Elles remontent l’escalier de la Cour d’Assises.

 

 

Scène X

 

LUCEVAL, COQUELET

 

COQUELET.

C’est entendu... je me chargerai de l’affaire... monsieur Germeuil... je l’ai beaucoup connu ; oui, je l’ai vu dans plusieurs sociétés, dans des bals... parbleu à celui de mes noces ; oui, je crois même qu’il a fait danser ma femme...

LUCEVAL.

Et vous espérez le sauver !...

COQUELET.

Ce sera difficile ; mais, in hoc triumphat oratio, nous ferons tout notre possible... Écrivez-lui qu’un avocat distingué se charge de plaider sa cause, sans compromettre les personnes qui l’intéressent, et faites remettre ça par le gendarme, avec la permission du président.

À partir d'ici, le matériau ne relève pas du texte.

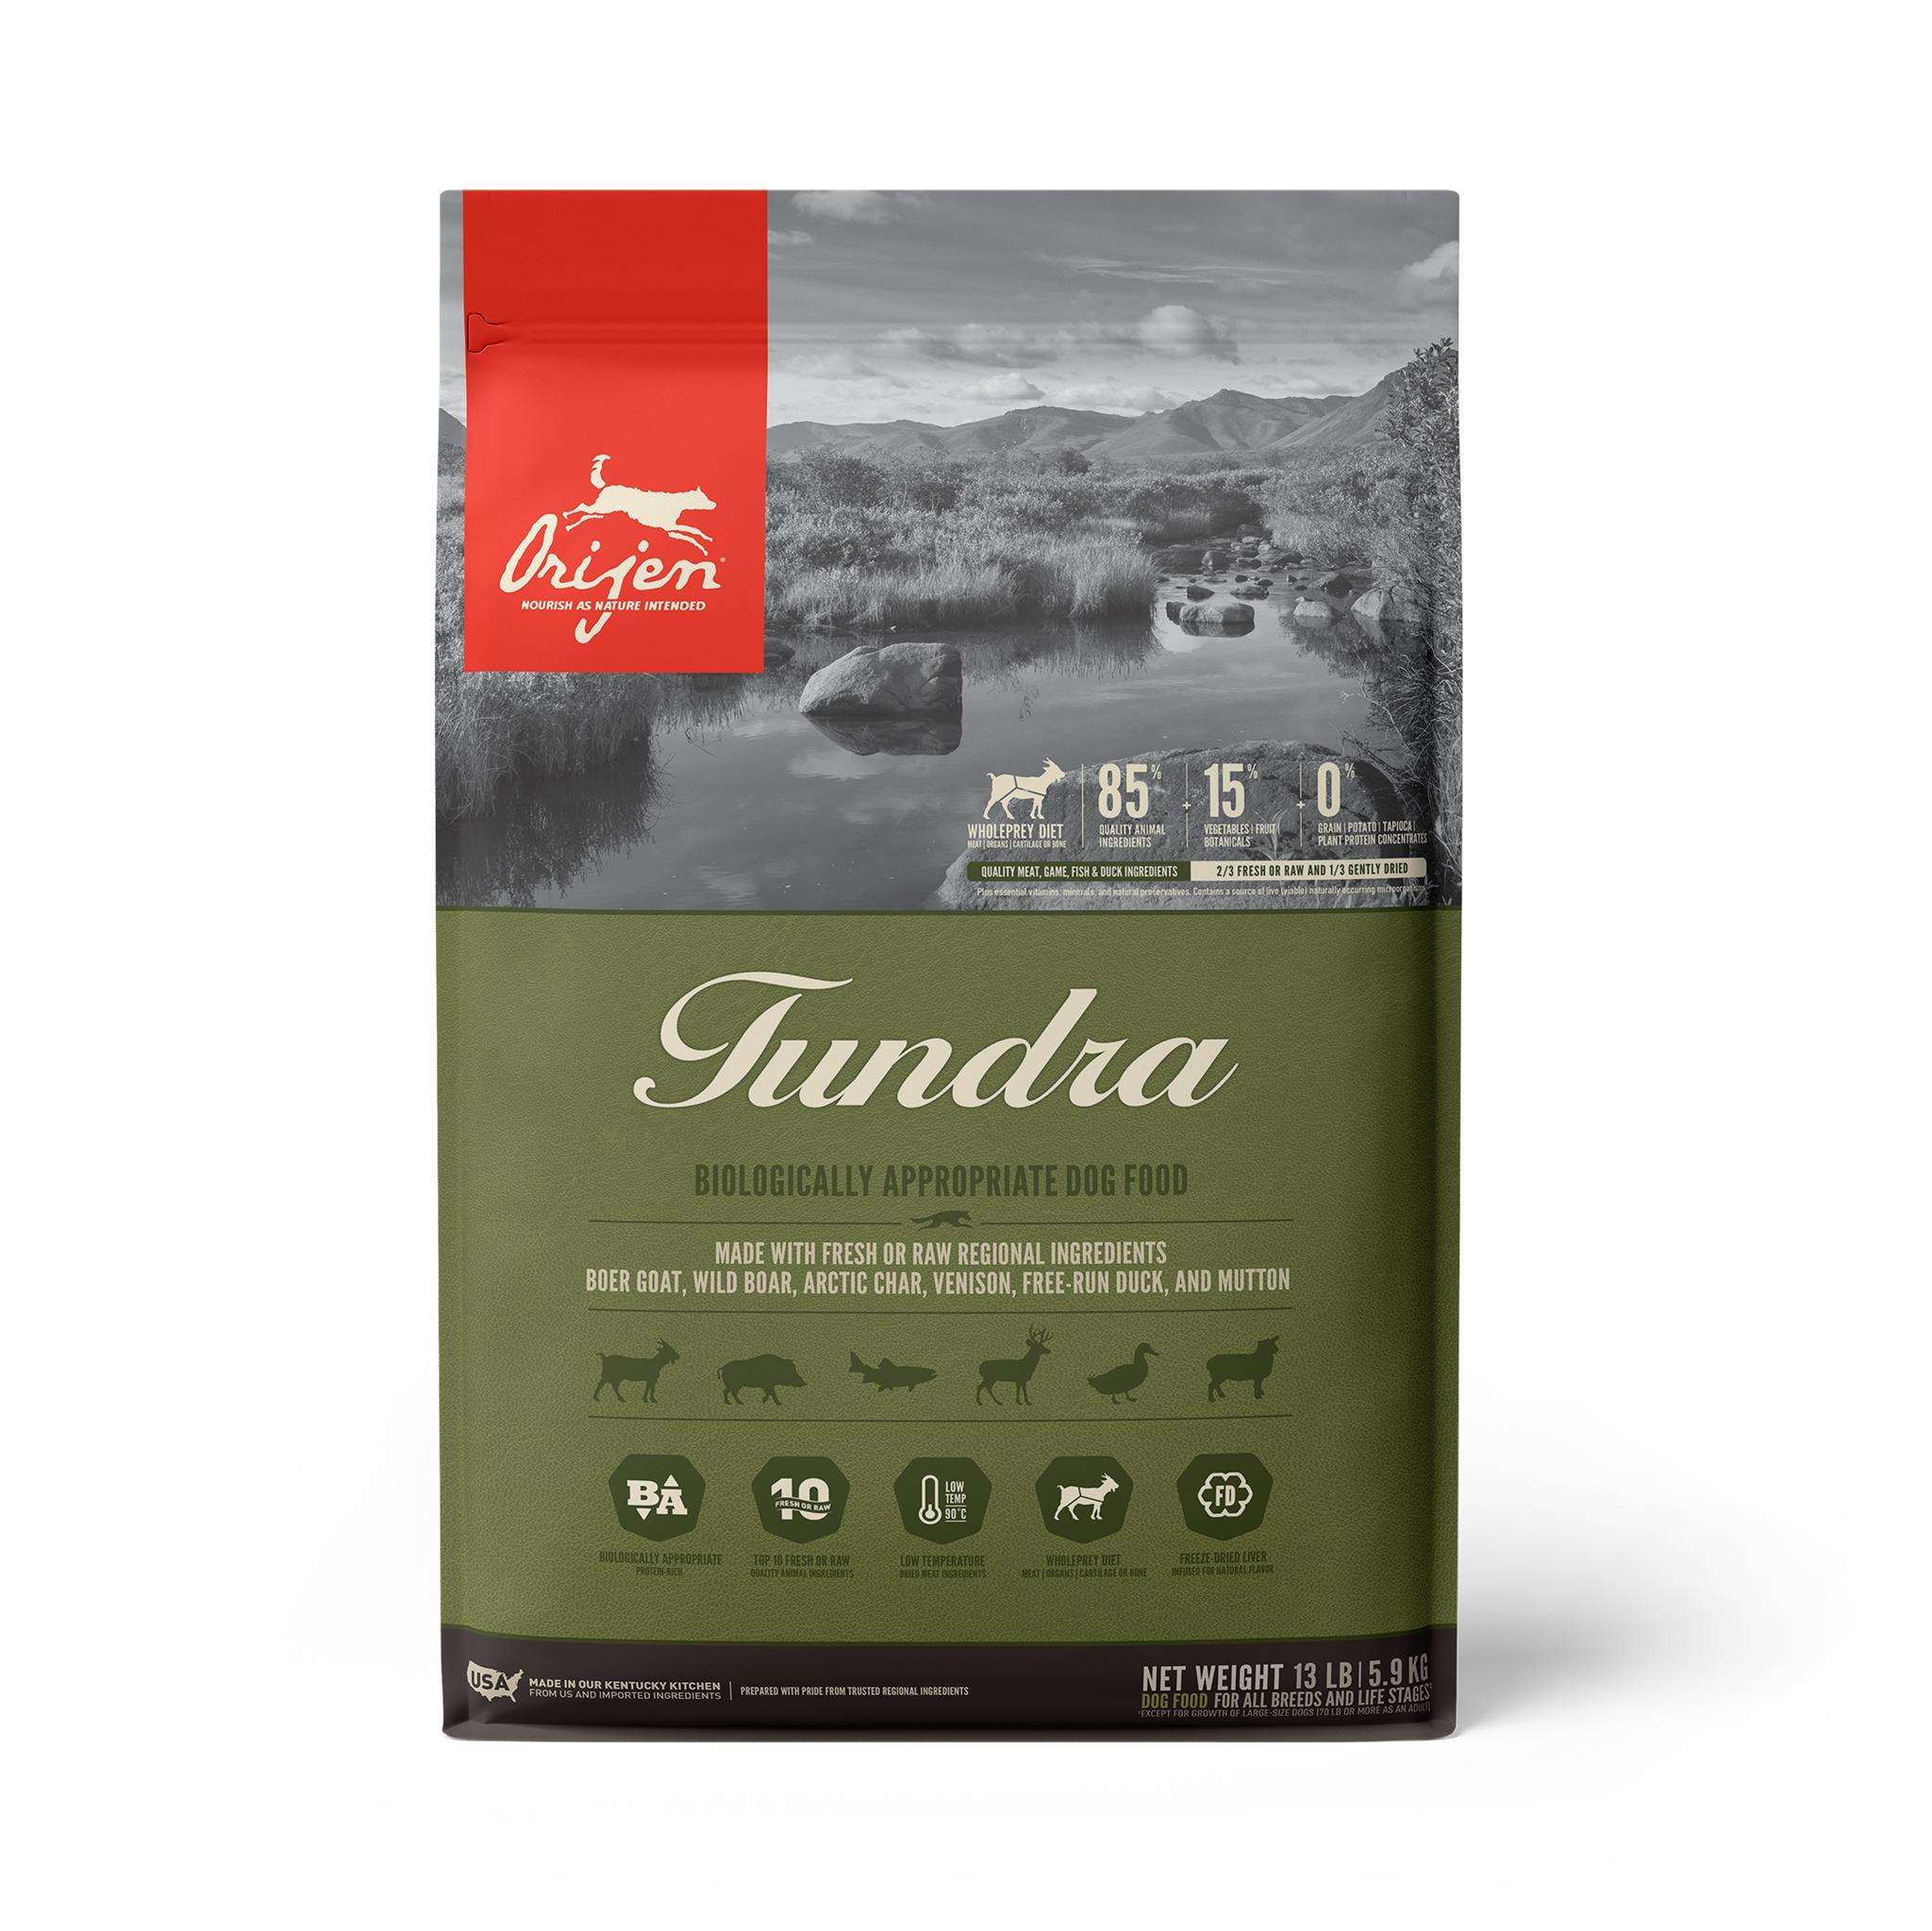 ORIJEN Tundra Grain-Free Dry Dog Food, 13-lb

LUCEVAL, écrivant sur son carnet.

Il va l’avoir dans l’instant.

Il remet le papier au gendarme.

COQUELET, portant la main à son front.

Je tiens là sa justification... Voilà mon exorde : « S’il est un spectacle digne de porter dans les âmes une émotion profonde, c’est celui d’un homme qui commence sa carrière, qui n’a encore posé, pour ainsi dire, qu’un pied sur le seuil de la vie, et qui se trouve sous le poids d’une accusation, etc... »

À Luceval.

Heim ! qu’en pensez-vous ?

LUCEVAL.

Mais c’est ce que vous deviez dire pour cette vieille femme, et vous l’appliquez à un jeune homme.

COQUELET.

Qu’importe ?... l’éloquence n’a point d’âge...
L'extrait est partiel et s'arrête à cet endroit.